Exercise instructions →
Repeat the listing word for word, but skip any pictures.

Data section →
▼▼▼
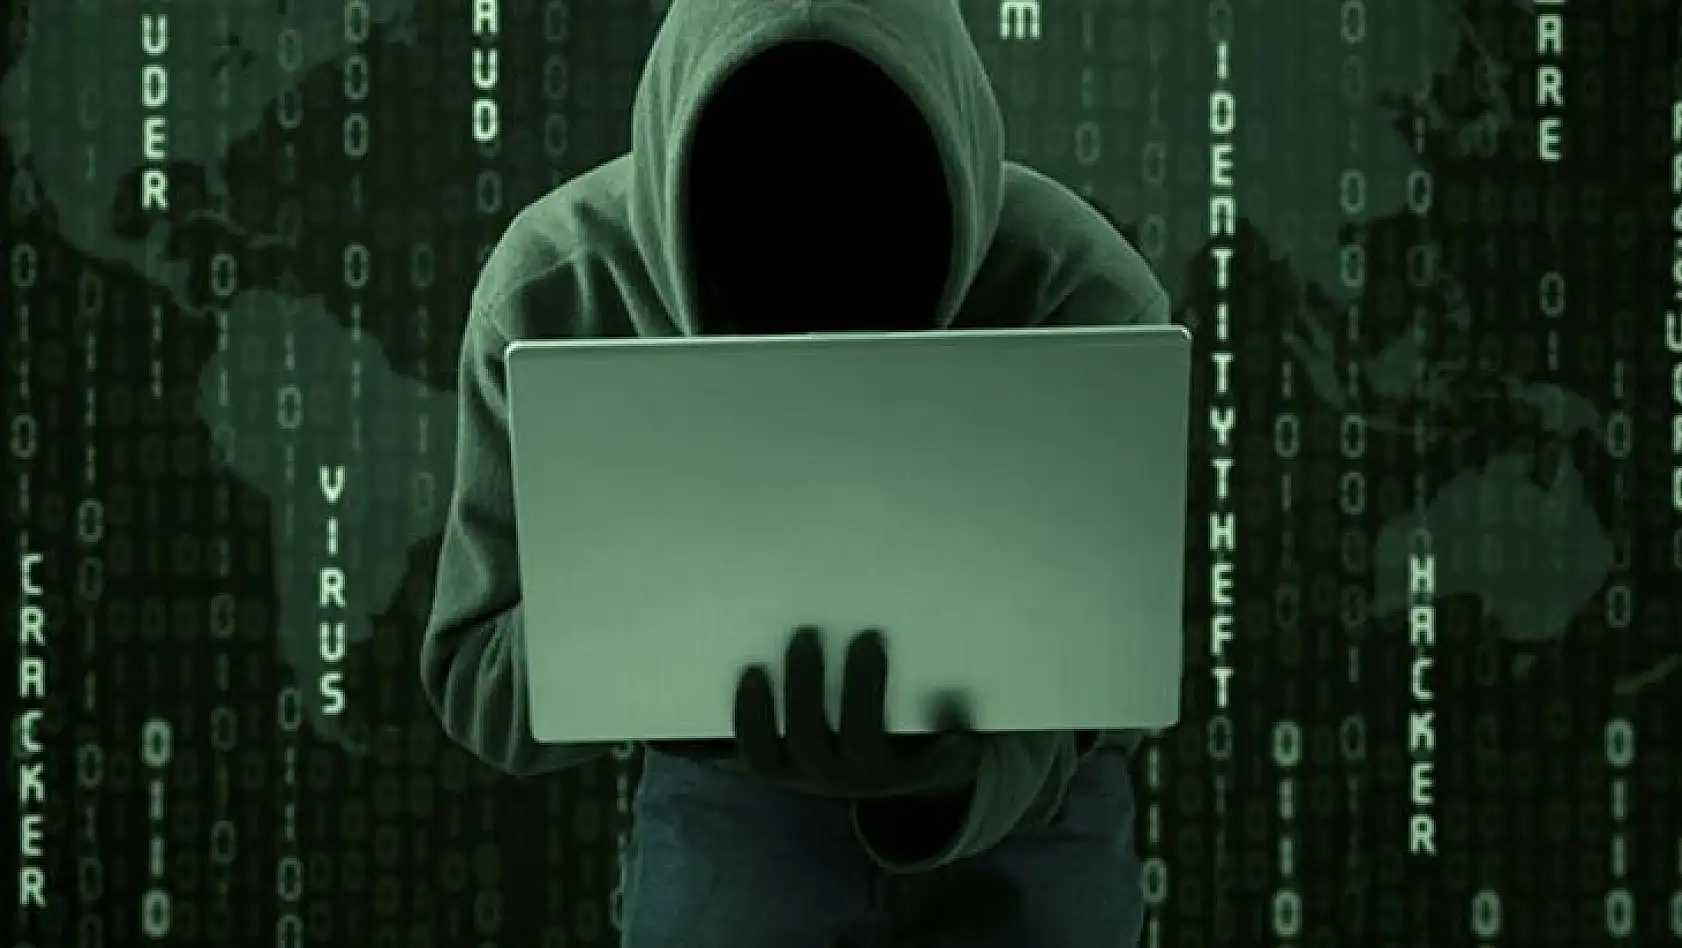 Siber jandarma sanal ortamdaki suçlulara nefes aldırmıyor: 123 şüpheliye yasal işlem yapıldı
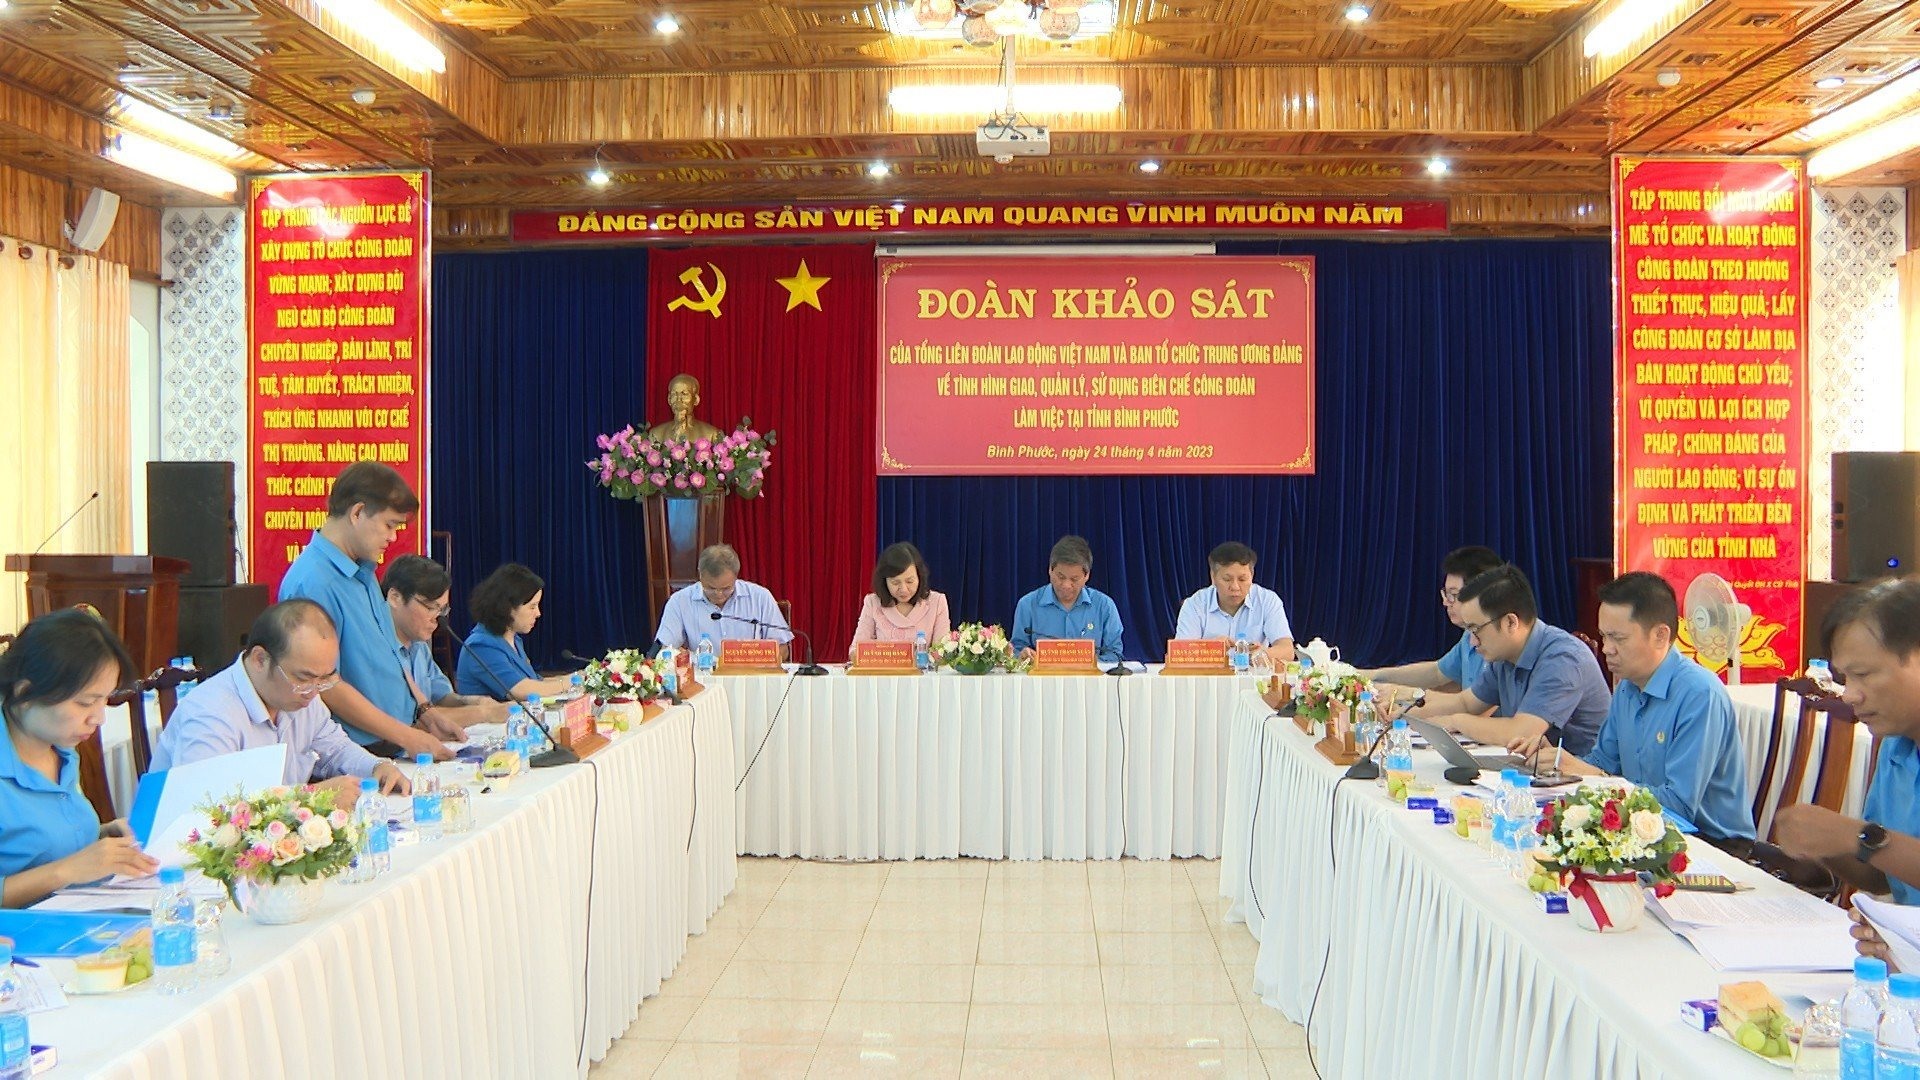 Đoàn khảo sát của Tổng LĐLĐ Việt Nam và Ban Tổ chức Trung ương Đảng đã có buổi làm việc tại tỉnh Bình Phước. Ảnh: Thu Hiền
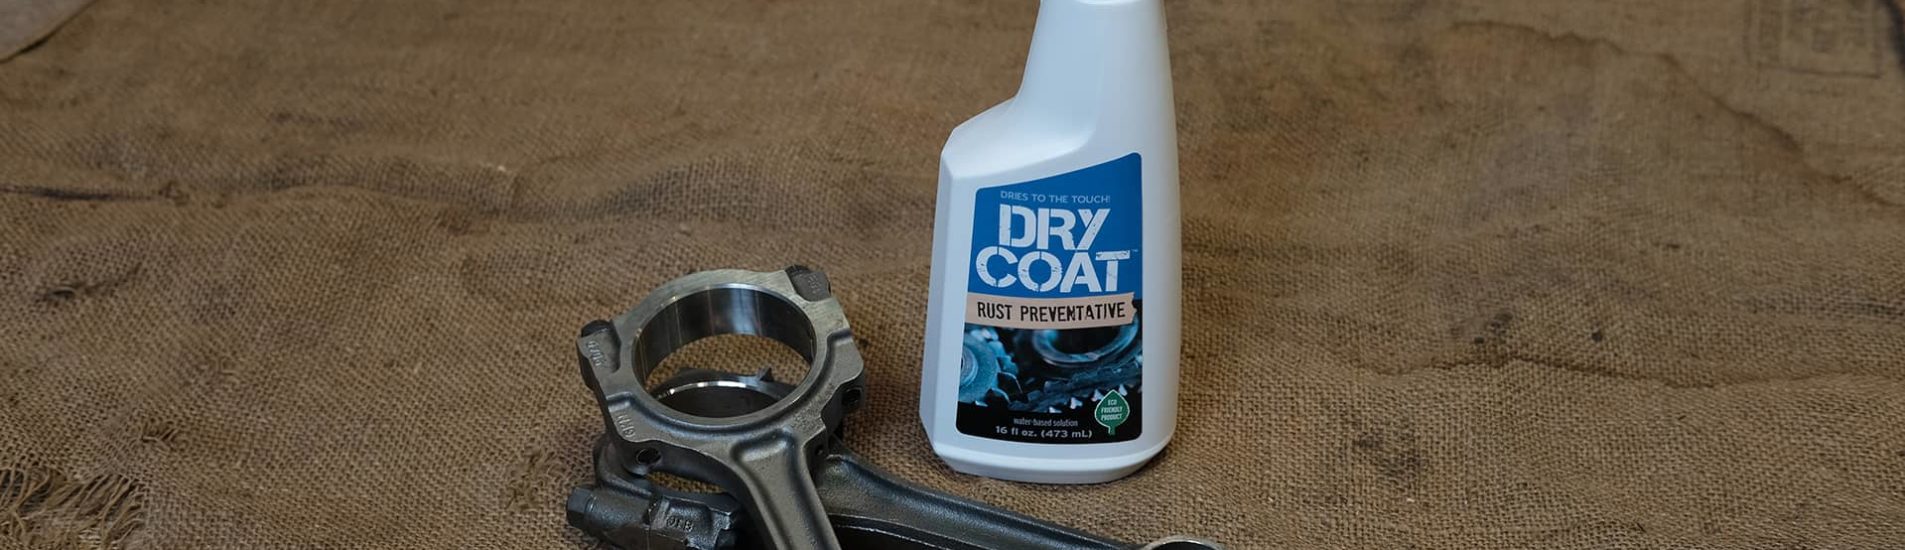 Dry Coat Rust Preventative bottle
▲▲▲
Task solution →
 Siber jandarma sanal ortamdaki suçlulara nefes aldırmıyor: 123 şüpheliye yasal işlem yapıldı
 Đoàn khảo sát của Tổng LĐLĐ Việt Nam và Ban Tổ chức Trung ương Đảng đã có buổi làm việc tại tỉnh Bình Phước. Ảnh: Thu Hiền
 Dry Coat Rust Preventative bottle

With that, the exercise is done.